What is known is that the backlog has not yet repaired Medtechnica's overall margin profile. In 2025, medical-equipment revenue rose 4.2% to NIS 488.0 million, mainly because of revenue recognition from the proton project, but segment gross profit fell 1.7% to NIS 90.4 million, gross margin declined to 18.5% from 19.7%, and profit from ordinary operations before other income fell 19.8% to NIS 14.9 million.
That does not prove the proton project itself carries weak margins. It does prove that revenue already recognized from the project was still not enough to prevent margin erosion at the segment level. The right headline for the backlog is therefore visibility, not proven profitability.

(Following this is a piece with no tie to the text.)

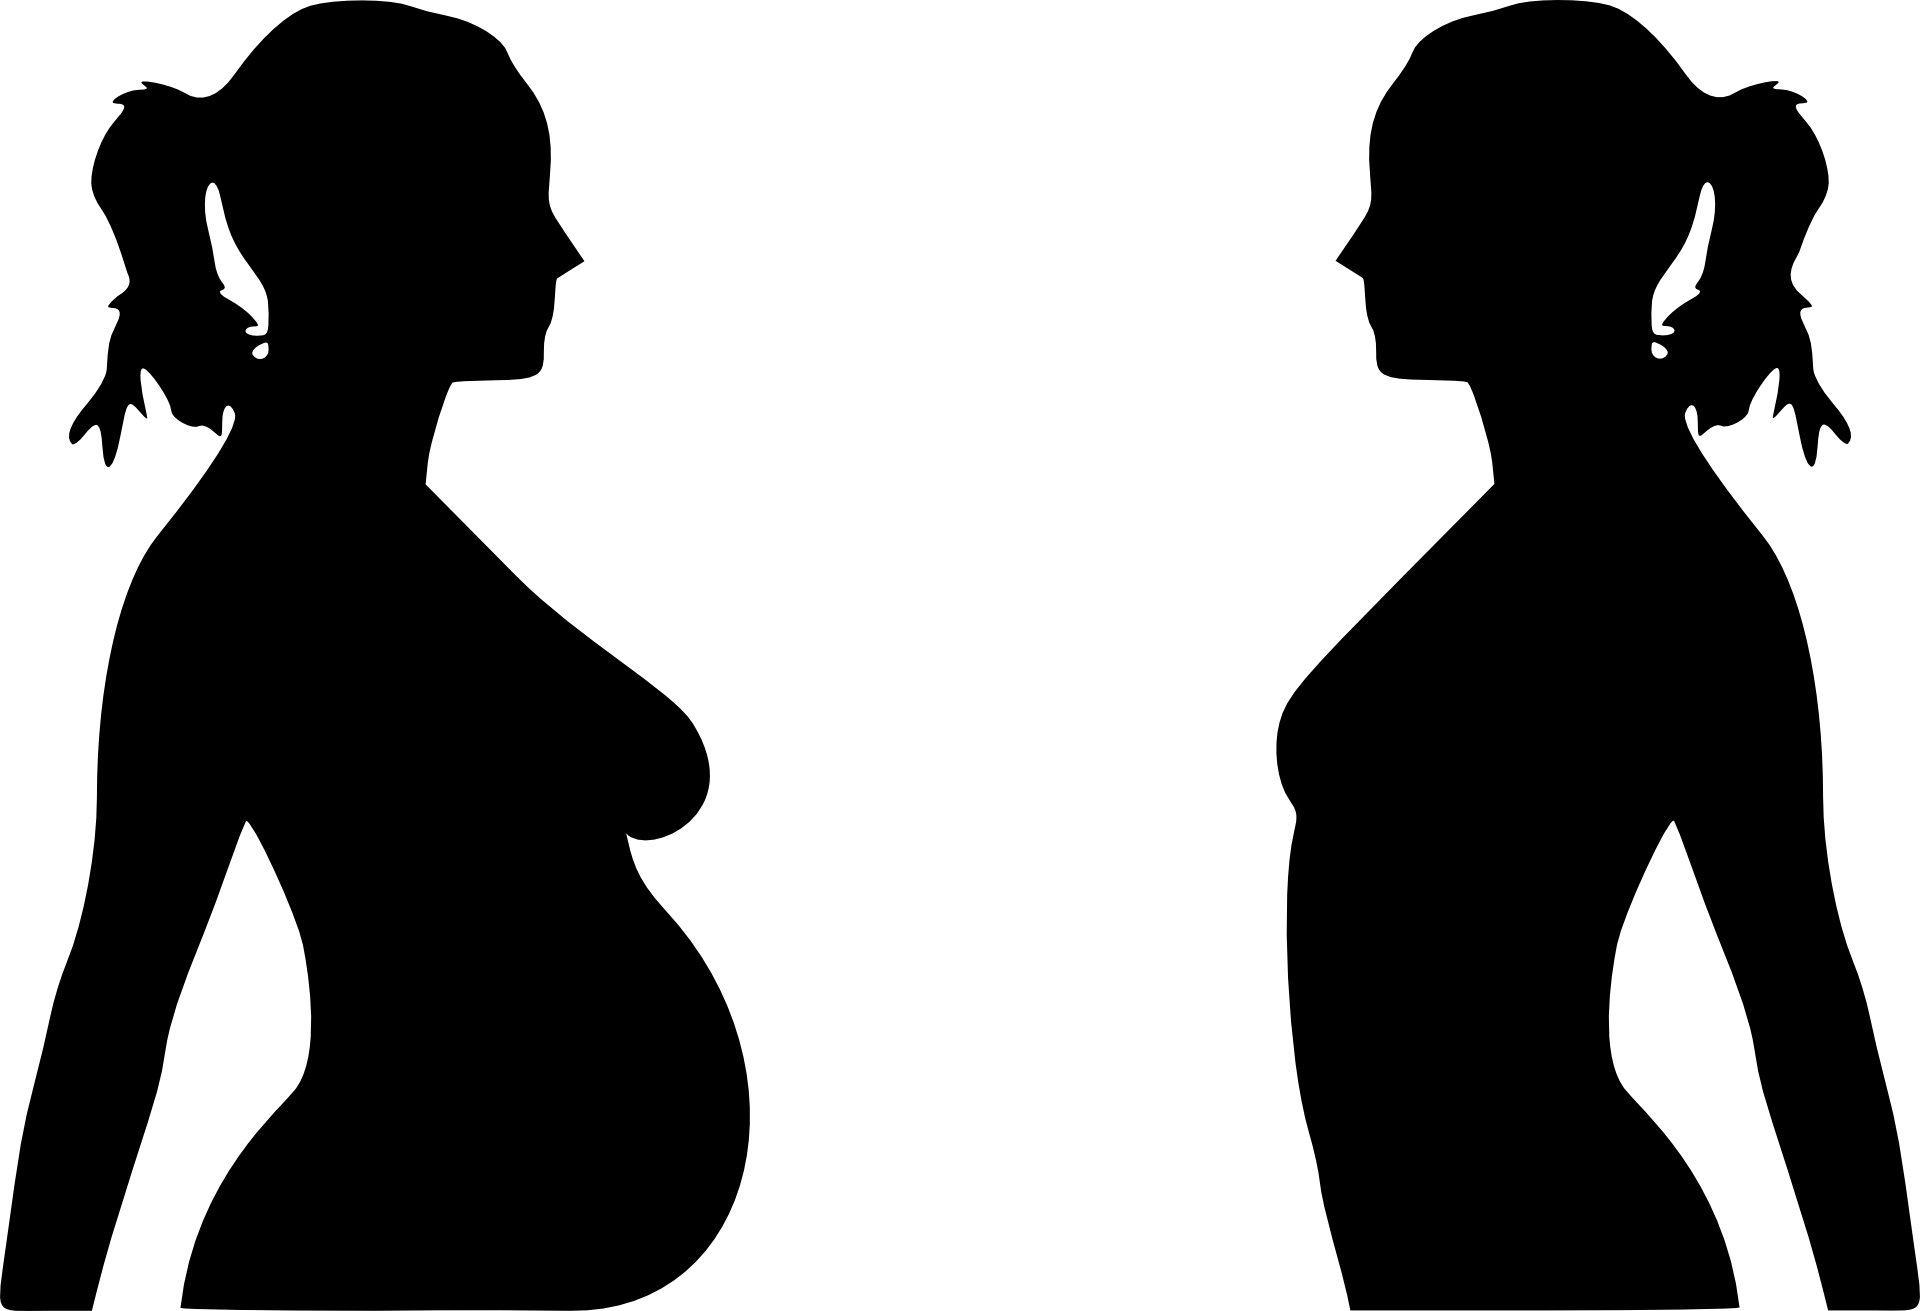 Pregnant Woman Silhouette Clip Art Free N21 free image.

So How Much of the Backlog Really Becomes Cash and Profit
The careful answer is this:
- Part of the backlog has already proven it can become revenue, because 2025 already included project recognition.
- Part of the backlog has already proven it can bring in cash, because customer advances were actually received during 2023 to 2025.
- But part of that cash has already been consumed for supplier payments, the designated deposit has already disappeared from the balance sheet, and the remaining contract-liability balances are far smaller than they were a year earlier.
- And the future profit pool is still partly open, because the filing does not disclose a separate project margin or the service-margin structure of the long tail.
That is why the right reading of the project is not "NIS 351.9 million that still has to enter the cash account," and not "NIS 351.9 million waiting to land in earnings." The right reading is a long bridge between backlog, customer advances, guarantees, and accounting recognition that still has to pass the execution test.
That also defines what investors need to watch over the next 2 to 4 quarters: whether contract-liability balances keep falling without a profitability offset, whether inventory and supplier balances keep climbing, whether additional cash milestones are received before installation begins, and whether Medtechnica can show that its large backlog improves not only visibility but earnings quality.